La crescita è rallentata al 4,8% nel primo trimestre, un livello particolarmente basso per l’economia di uno tra i più importanti paesi emergenti, uscita da un boom decennale incoraggiante. L’inflazione, che a giugno ha sfiorato il 10%, contribuisce al passivo commerciale e esacerba una situazione sociale interna potenzialmente a rischio.

Nonostante la nomina dell’ex capo economista dell’FMI, Raghuram Rajan, alla guida della Reserve Bank of India, la fiducia degli investitori è molto bassa.
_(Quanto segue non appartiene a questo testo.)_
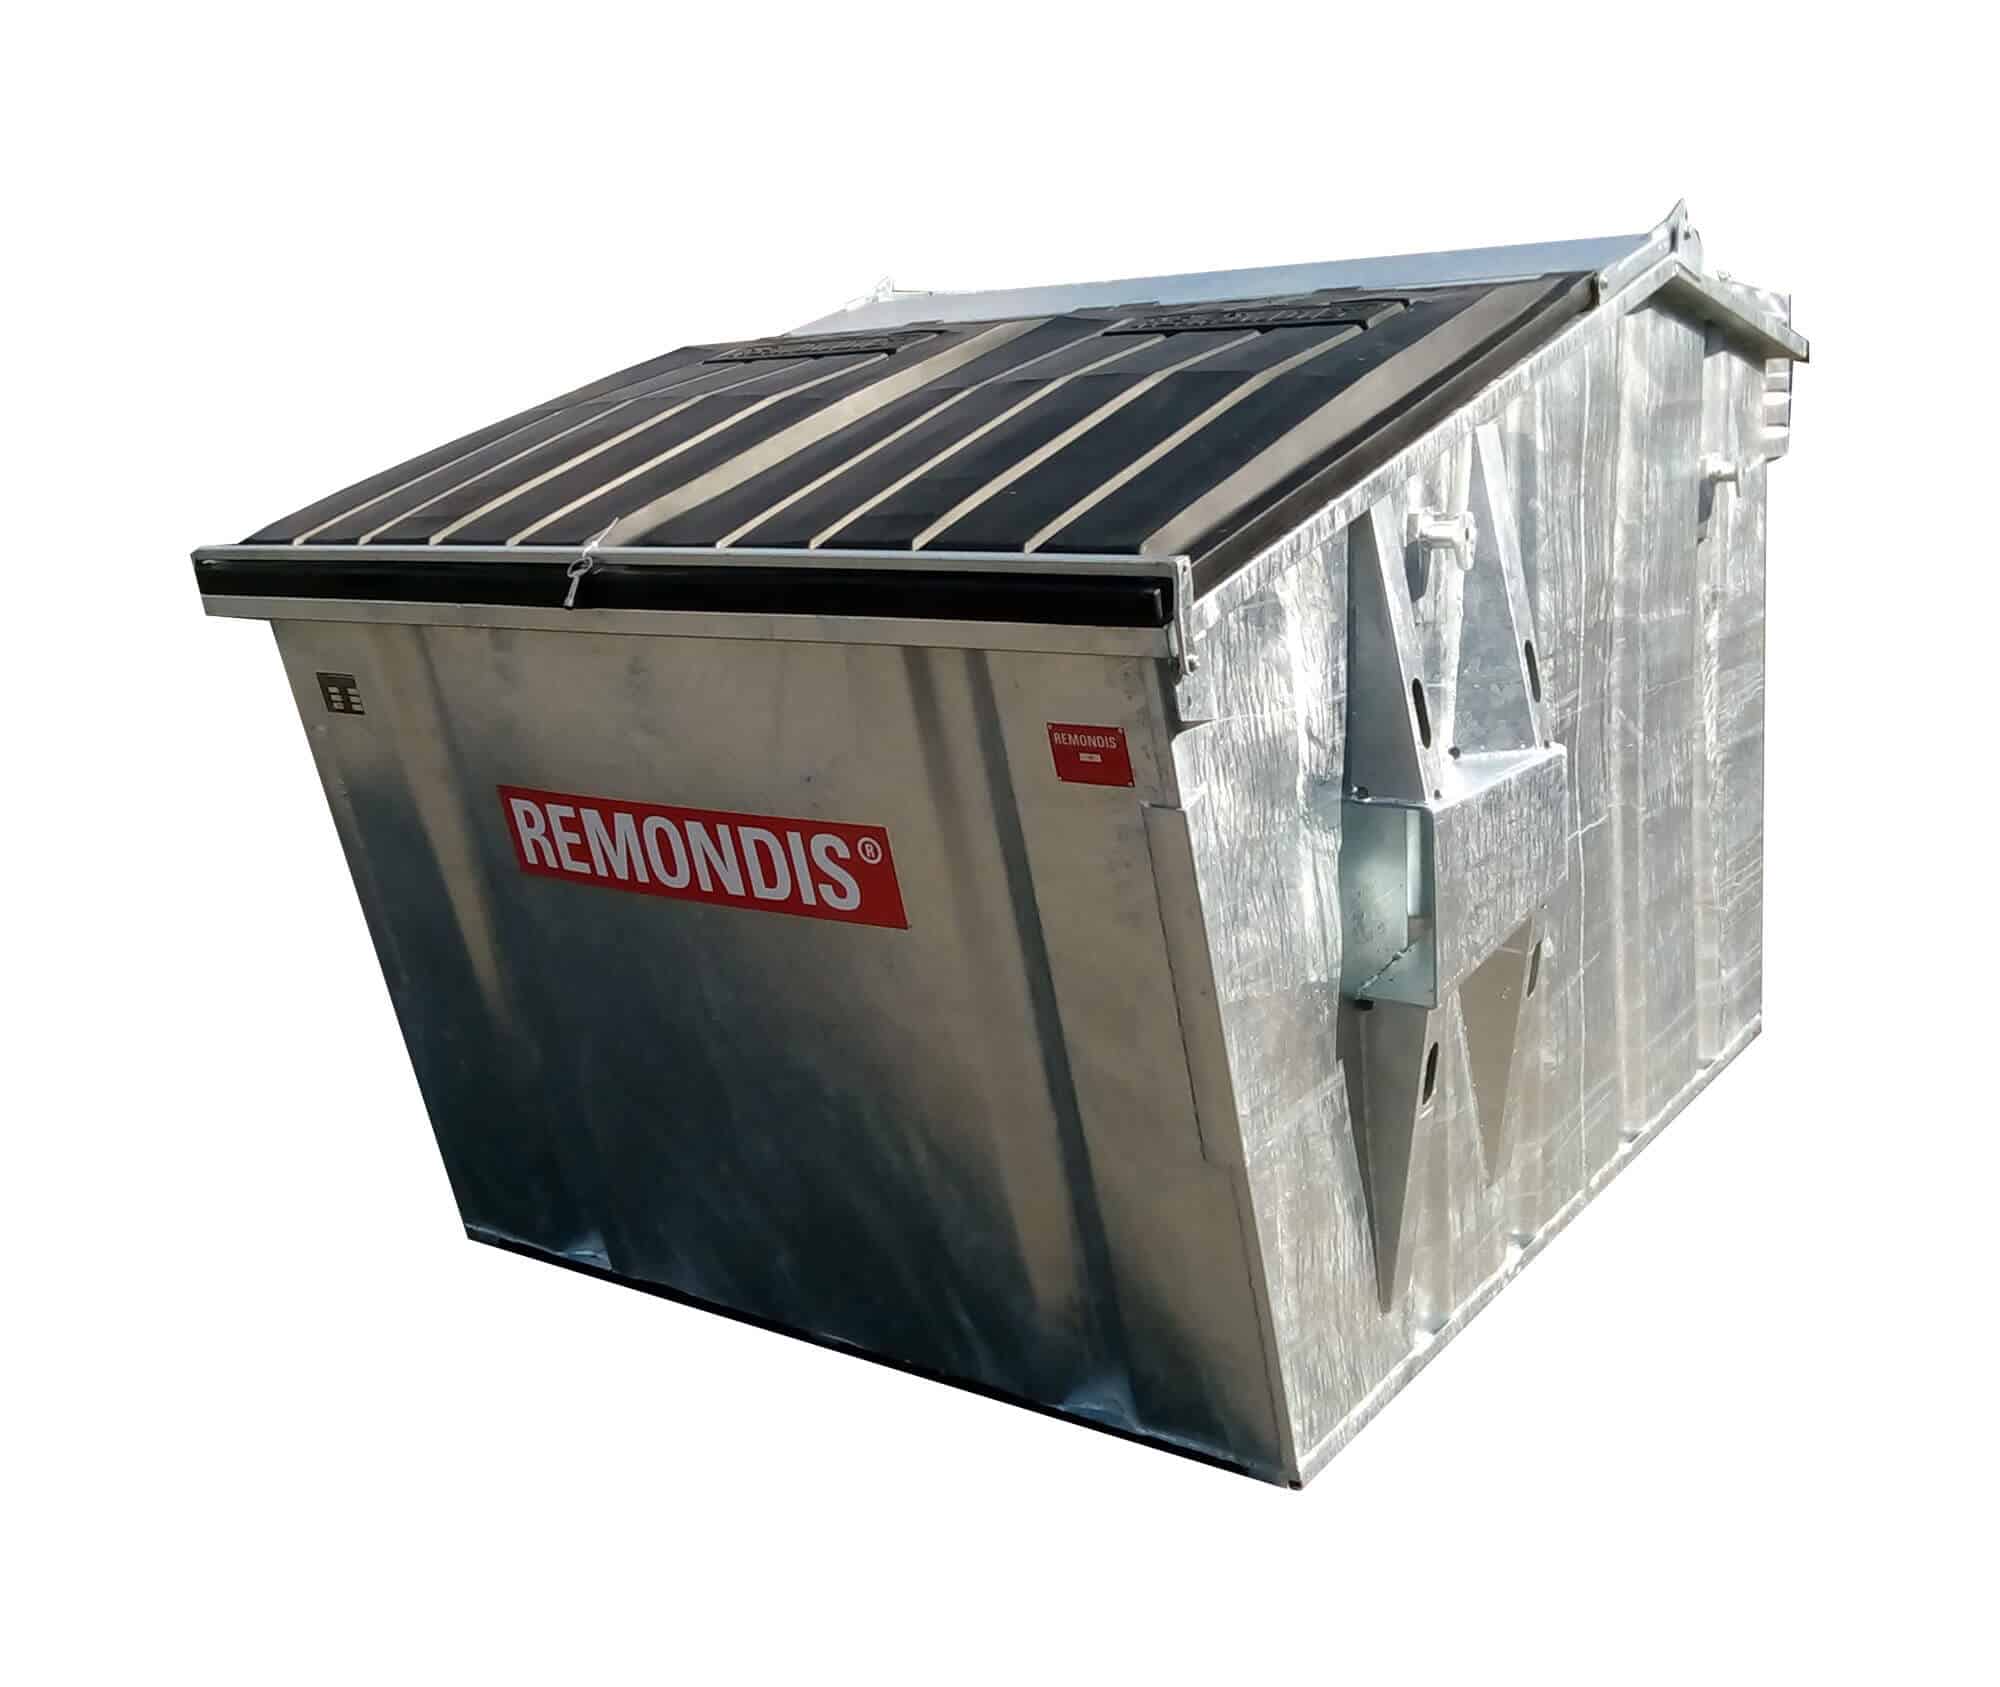 Remondis 8 Yard Waste Container

Il premier Manmohan Singh è a capo di una coalizione debole e in vista delle elezioni della primavera del 2014 c’è la sensazione che non si muova foglia in Parlamento e nel suo governo.

Secondo uno studio di Prs Legislative, quello di Singh, al potere dal 2009, sarebbe l’esecutivo meno produttivo degli ultimi trenta anni, in termini di risultati ottenuti. Si teme un nuovo 1991, quando il fortissimo passivo delle partite correnti aveva fatto rimanere il paese con riserve di valuta straniera sufficienti a coprire le importazioni di beni e capitali per soli 13 giorni, con l’India costretta a chiedere un prestito al Fondo Monetario, impegnandosi in cambio ad attuare misure liberalizzatrici della sua economia. Certo, oggi la situazione è molto più tranquilla, essendoci riserve per altri sette mesi, ma non per questo si dormono sonni tranquilli a Nuova Dehli, alle prese con un’inflazione scottante, una crescita in frenata e una fuga di capitali verso l’estero.